Moose Jaw, SK(Zone 3b)

Shutting Down a Pond for Winter:



Quoting:
Fall has arrived and so have many questions. Unless you are a "die-hard" Canuck, ya just love Canadian winters and don't mind being cold and wet. .. you will probably be much happier working in your pond during warm weather. Start Fall maintenance as soon as possible... Trust me on this one!
Getting the pond ready for winter can be a very pleasant experience if you follow a few basic rules.
1st Rule: pick a warm sunny day!.. You're going to be out there for a while.
2nd Rule: but most important... Please Remember To Never Get Into, Place Any Part Of Your Body Or Work In A Pond Unless All Electricity To Your Pond Is Ground Faulted (G.F.I.) Otherwise, Unplug Pumps, Filters, Lights Etc..


" Electricity And Water Does Not Mix!!!."
3rd Rule: Wet pond liners are very slippery.. proceed with caution!!!
First year ponds are usually quite clean so very little has to be done. If you have a build up of sludge and/or dead leaves, this should be removed for the winter, especially if you are over wintering your fish in the pond.

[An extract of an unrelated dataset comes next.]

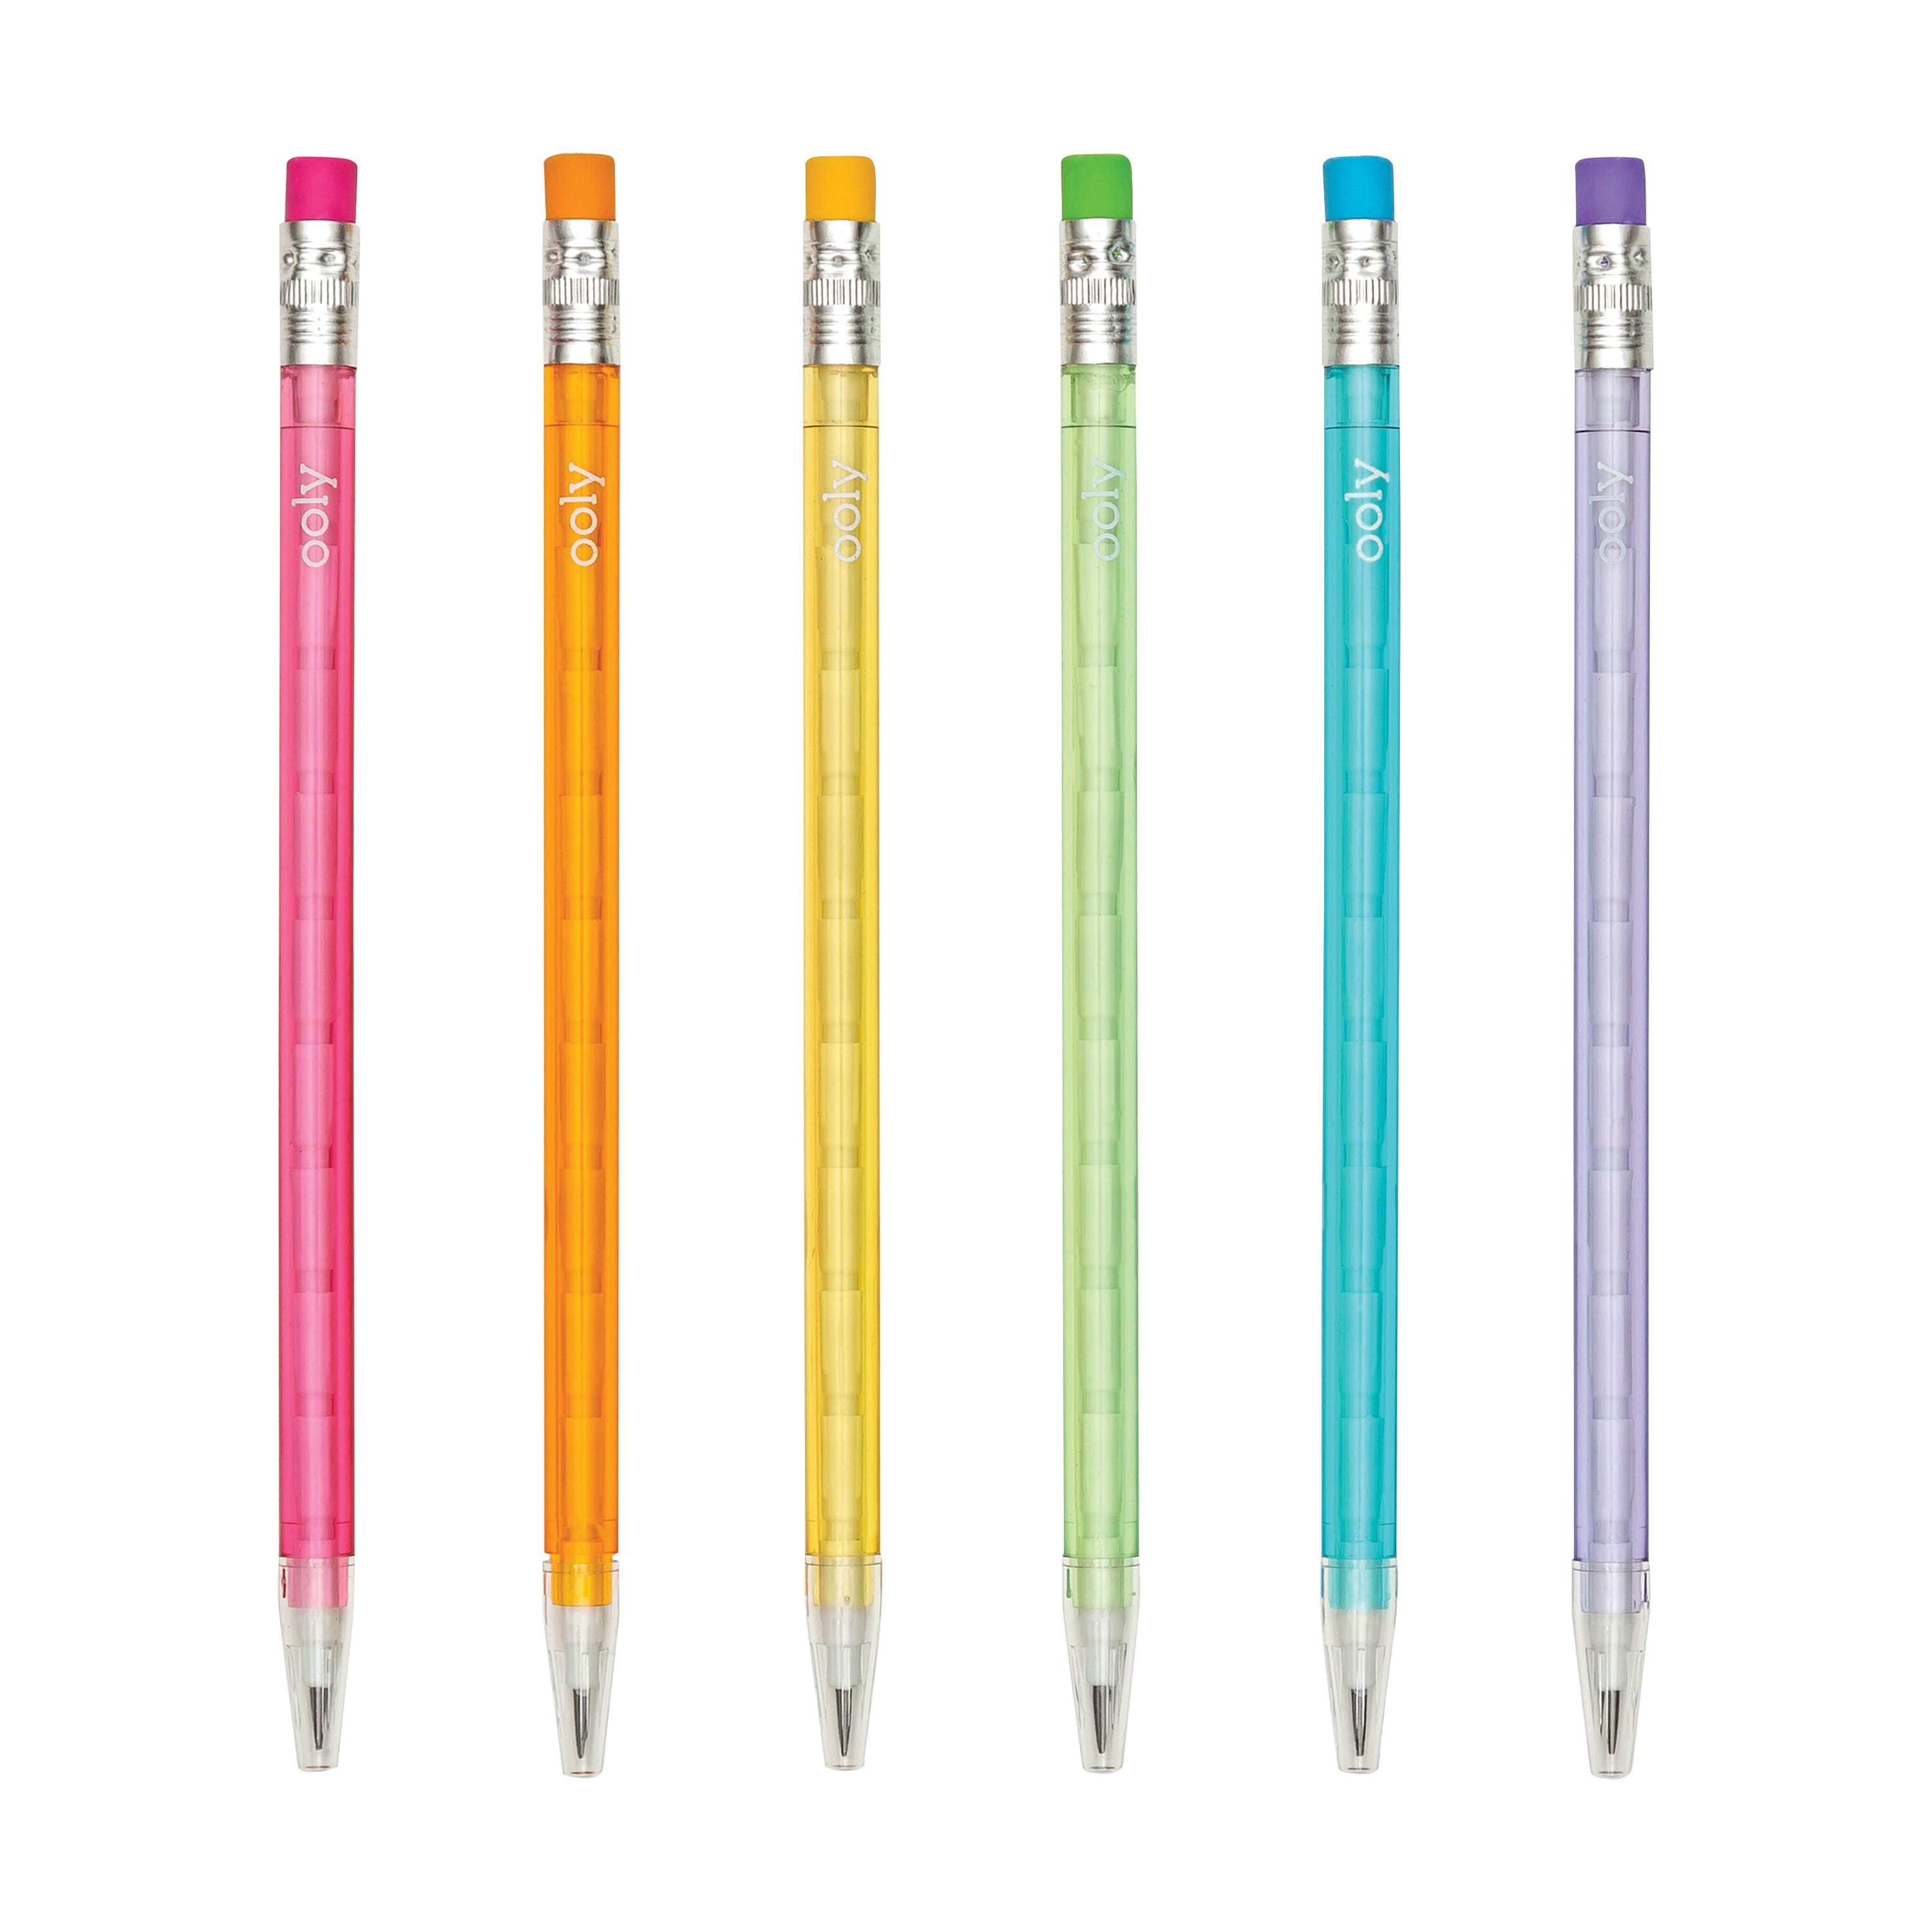 OOLY Stay Sharp Rainbow Pencils Set

Begin by removing 30% of the water. Pump this water from the deepest area of the pond. After you are finished with Fall maintenance, you will slowly refill the pond with fresh water. Remember to treat if chlorine or chloramine in present in your water. Removing part of the water not only helps with the fall maintenance but also supplies the fish with much needed fresh water over the long winter months. The simplest and probably cheapest method of removing organic matter is to use a very fine nylon net.... "duct taped" to a pole. This idea came to me many moons ago.. on a very bitter cold, windy fall day. I am short, only 5'0".. and shrinking with age. It was a rotten day and I was chilled to the bone.. I wanted to be doing anything but playing in cold water. I was not a happy camper. I loved my ponds, but on this day, after repeated attempts to reach the debris in the centre of our "smallest pond", this little idea hit and from then on ponding became much simpler in all seasons! Sure ended the cursing and appears to have helped hundreds of other ponders.. short and tall! Of course nowadays, other more sophisticated (and probably more expensive) ideas are out there.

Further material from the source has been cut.